Но меня больше заботила реальная цена самой драгоценности, нежели всякие темные сказки, вертящиеся вокруг нее. О ней на борту не знал никто, кроме меня, я никому не собирался рассказывать об этом – и в первую очередь самому Син Бен У. Я сложил все шкатулки, как они должны были быть, и поставил ларец в угол каюты, а бриллиант, завернув в тряпку, убрал обратно в сейф. Так-то лучше! На душе у меня стало спокойно как никогда. Маленькая безвестная танцовщица просто исчезла: в «Летучей рыбе», ей быстро нашли замену, и никому уже не было никакого дела ни до ее былого умения, ни до ее чувств и переживаний…

Добрую половину ночи просидел я в каюте «Октавиуса», при свете свечей подсчитывая общие расходы и убытки, понесенные судном от минувшего шторма. Наверху последовала команда: «Гасить огни» – и я, словно повинуясь ей, задул свечи и, не раздеваясь, лег спать.
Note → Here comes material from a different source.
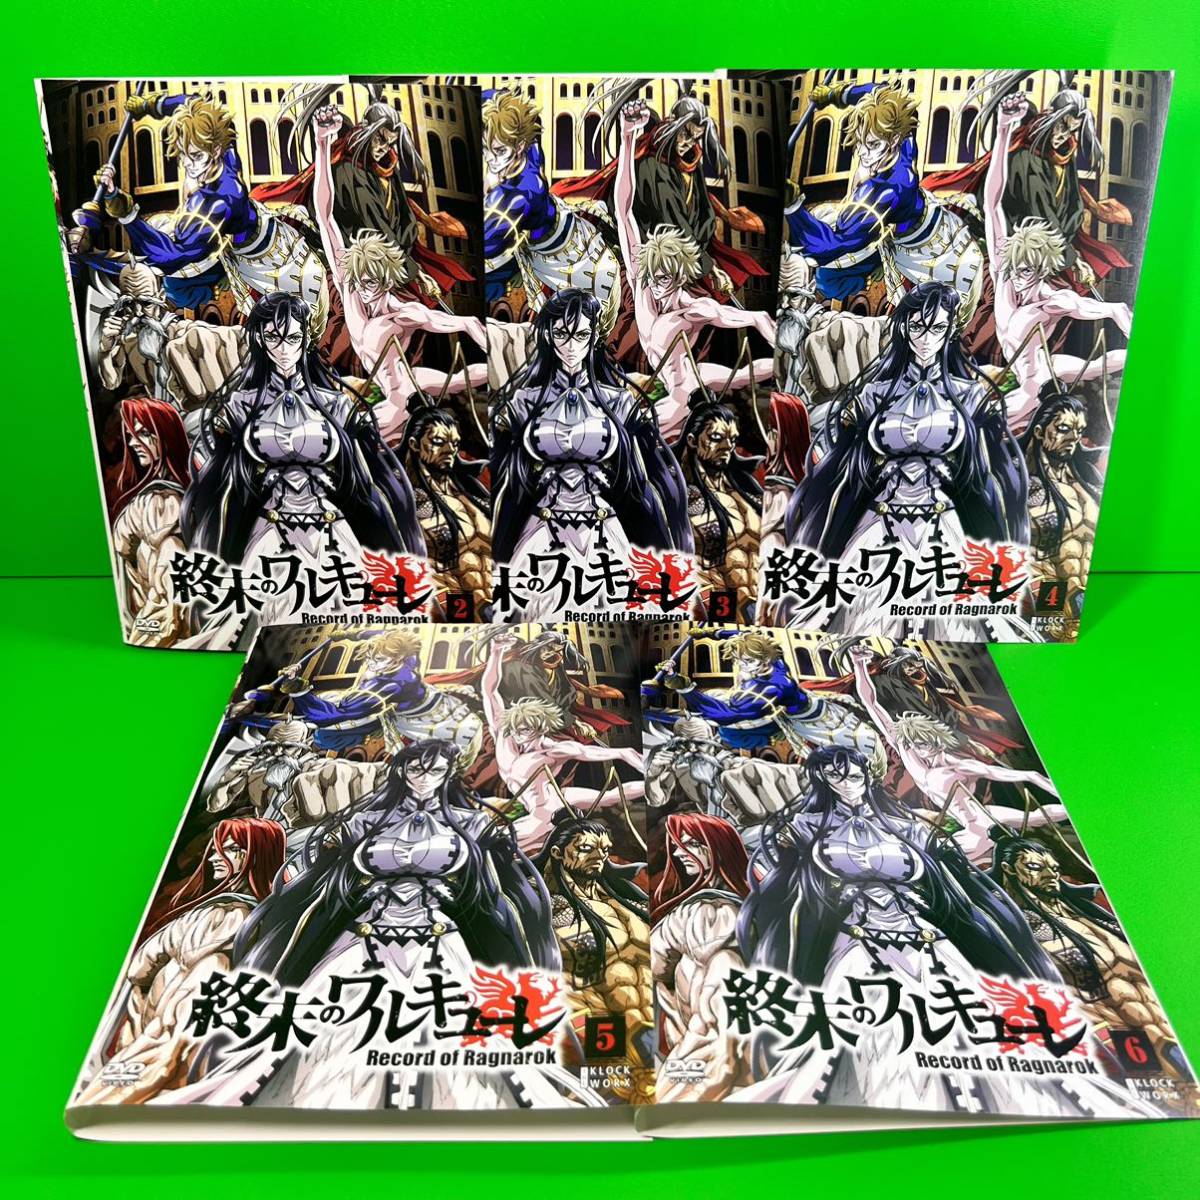 ケース付 終末のワルキューレ 1期DVD 全6巻 全巻セット

Утро следующего дня выдалось на редкость солнечным и ясным, будто сама природа праздновала отход нашего корабля, торжественно обустроив начало моего первого морского путешествия на борту собственного корабля. Я с видом адмирала, стоящего на юте стопушечного ман-о-вара, встал на корме «Октавиуса», и, высоко задрав подбородок, смотрел на берег. Рядом со мной заняли места Ситтон и Метью, облаченные в парадную морскую форму. Команда неподвижно выстроилась вдоль бортов. Конечно, зрелище, может, было немного комичное (об этом говорило выражение лиц некоторых матросов, которые всячески старались его скрыть) – так как я подражал военному корвету, однако по-другому я никак не представлял этого торжественного дня, о котором наше семейство мечтало столько лет. Медленно подошла шлюпка с Элизабет, Рональдом Блейком, моими отцом и матерью (Дэнис в морской куртке, находящийся в унизительном чине кают-юнги, уже стоял на борту). Я вскинул руки, и музыканты заиграли гимн Британии.

Поддерживаемая с двух сторон, моя супруга торжественно взошла на палубу «Октавиуса» – в тот же момент команда, вскинув мушкеты, дала в воздух залп. Рональд покачал головой, сдержав усмешку, но одобрительно обернулся к моему отцу. Тот кивнул, и музыка стихла.

– Ну что же, – громко сказал Блейк, обращаясь ко мне. – Я вверяю тебе в этом плавании свое самое ценное сокровище – мою дочь Элизабет. Береги ее, Ричард О’Нилл, пуще глаза своего, не отпускай никуда одну, защищай жизнь и честь ее в волнах и на суше разумом своим и руками своими. И смотри, чтобы не терпела она нужды ни в чем. Помни – лично спрошу с тебя!